The Senate adopts the bill on stables
The news comes only a few days after the US Senate has advanced the law on engineering, a bill that would establish historical legislation for stablecoins.
Bitwise Asset Management indicates that this bill could be more important for crypto than even the launch of Spot Bitcoin ETF (funds negotiated in exchange) at the beginning of last year.
“Apart from the January 2024 approval of the FNB Bitcoin, it is the most important regulatory development in the history of the crypto,” said Bitwise investment director Matt Hougan in a blog article on May 20. “He can even be bigger.”

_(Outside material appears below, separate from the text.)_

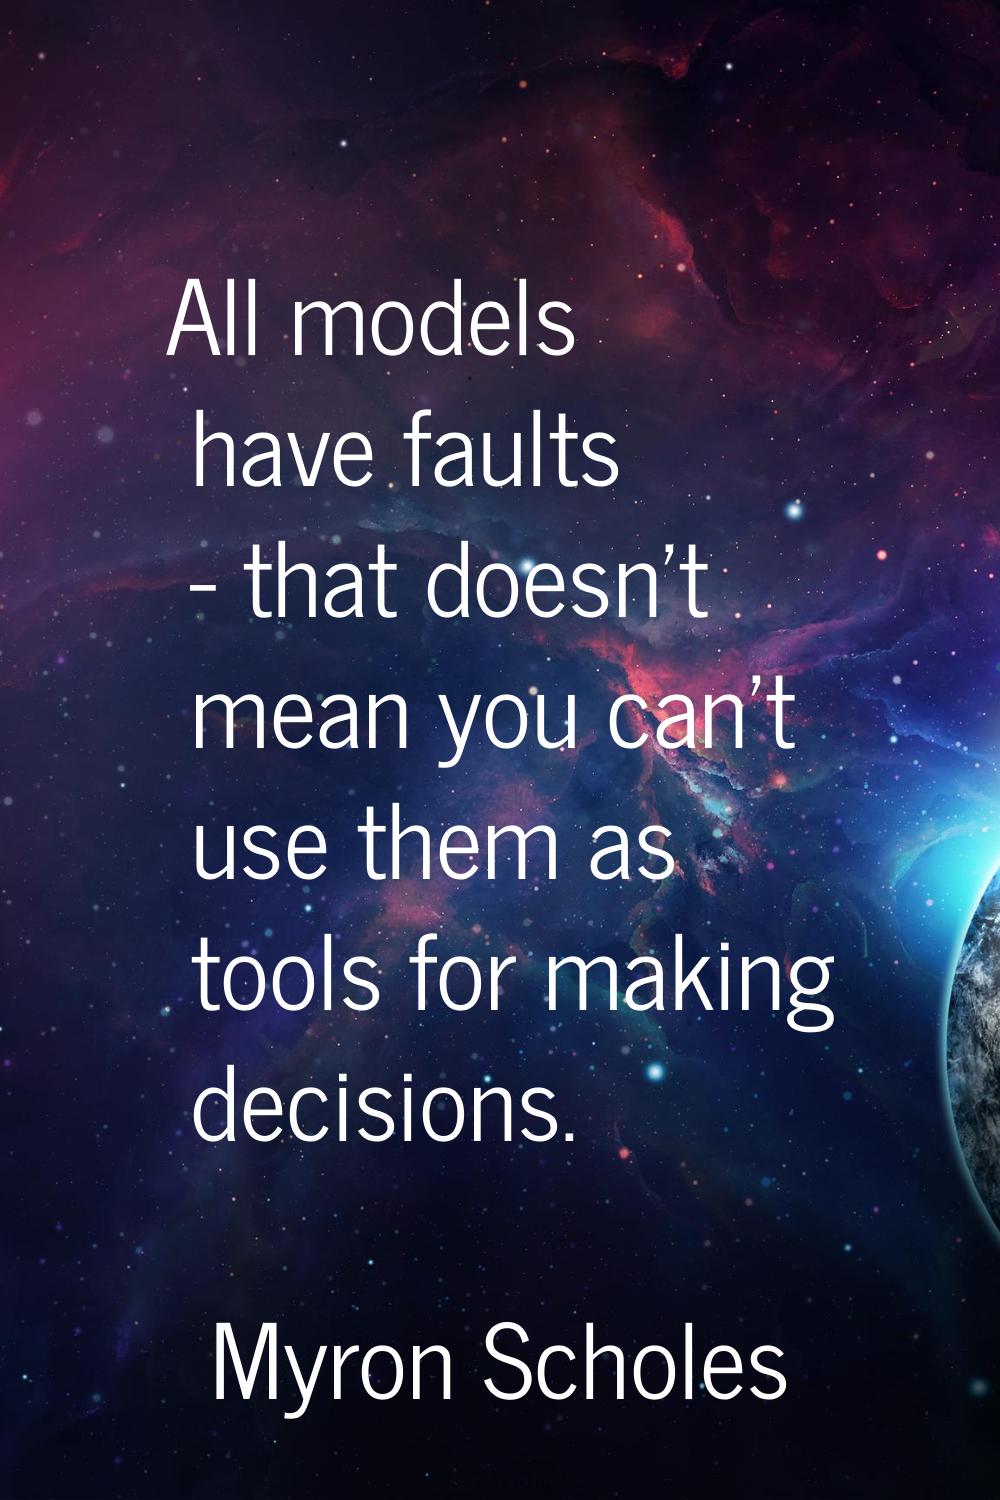 All models have faults - that doesn't mean you can't use them as tools for making decisions.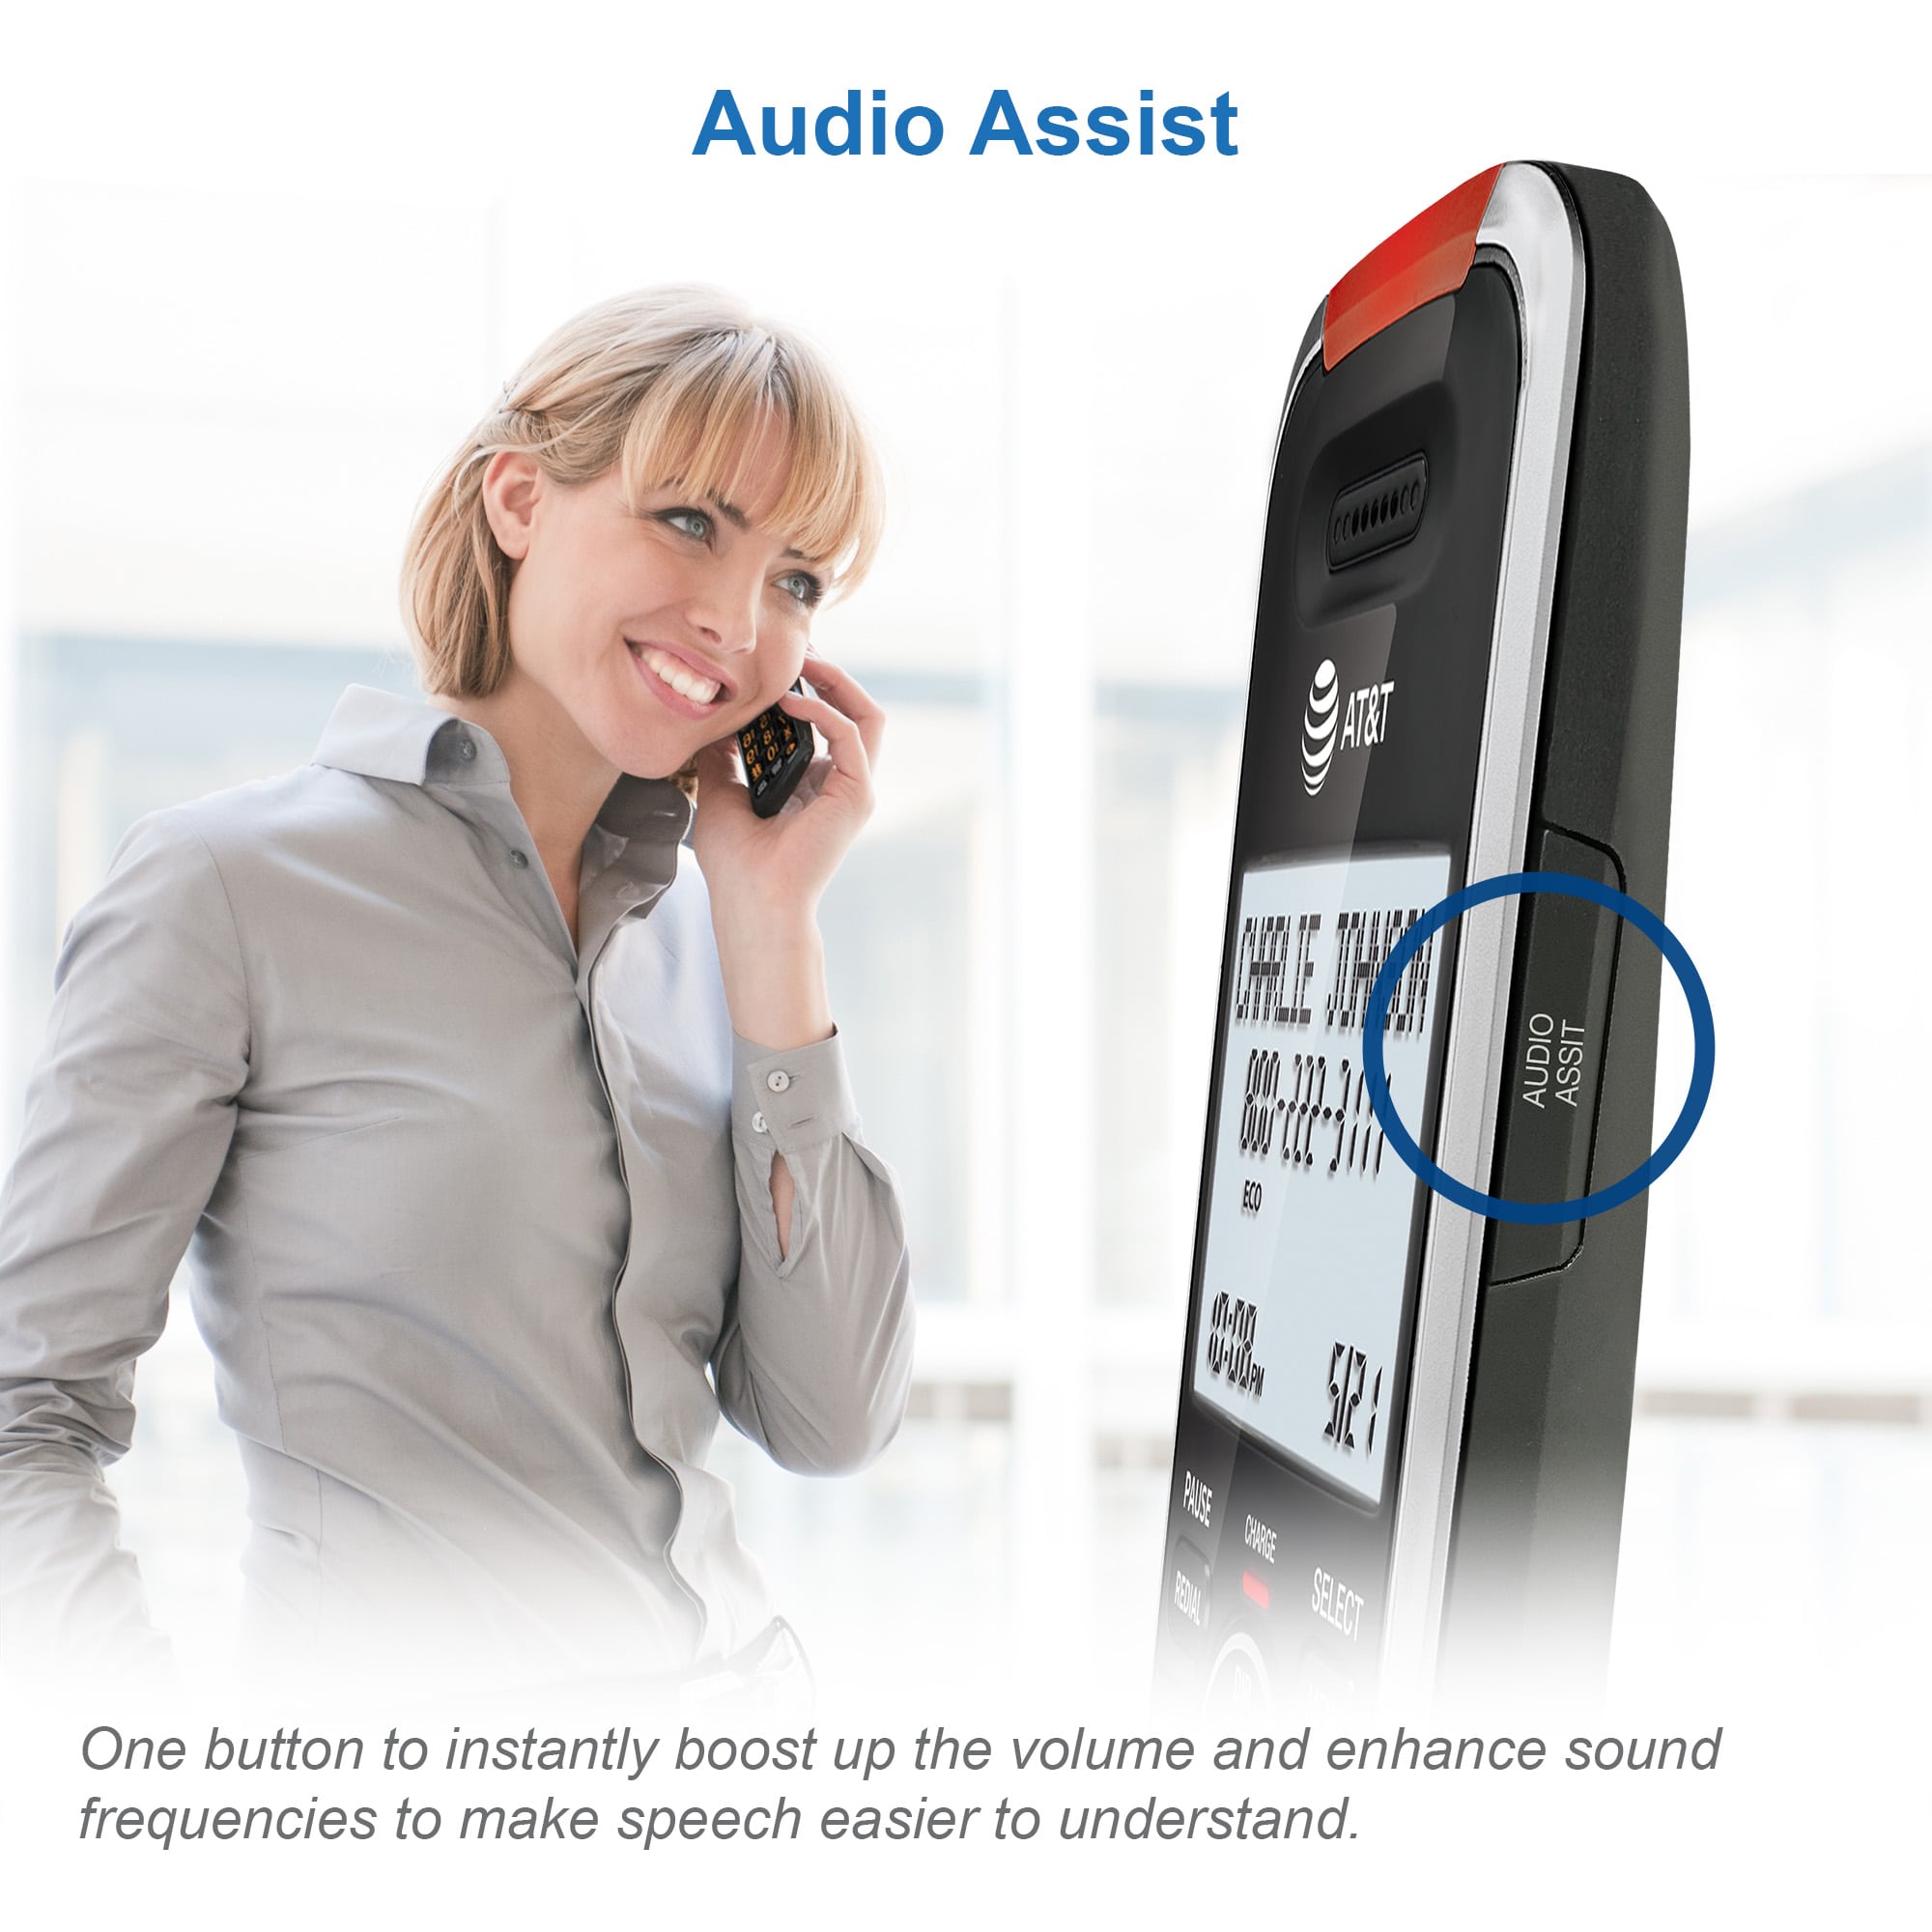 2-Handset Cordless Phone with Unsurpassed Range, Smart Call Blocker and Answering System - view 7

Hougan said that the legislation should be adopted in summer, paving the way for a long-term sustained rally and supported in cryptographic assets beyond bitcoin “.
However, the bill, which is considered helping to legitimize cryptographic assets, faces the opposition of the Democrats, including Senator Elizabeth Warren, who warned that it would help to enrich the family of President Donald Trump.
“The elephant in the room, of course, is how the president launches his own stable and wins hundreds of millions of dollars, and the bill does nothing to clearly indicate that we oppose this type of profit in the office of the president,” said senator Tina Smith, who voted against the bill.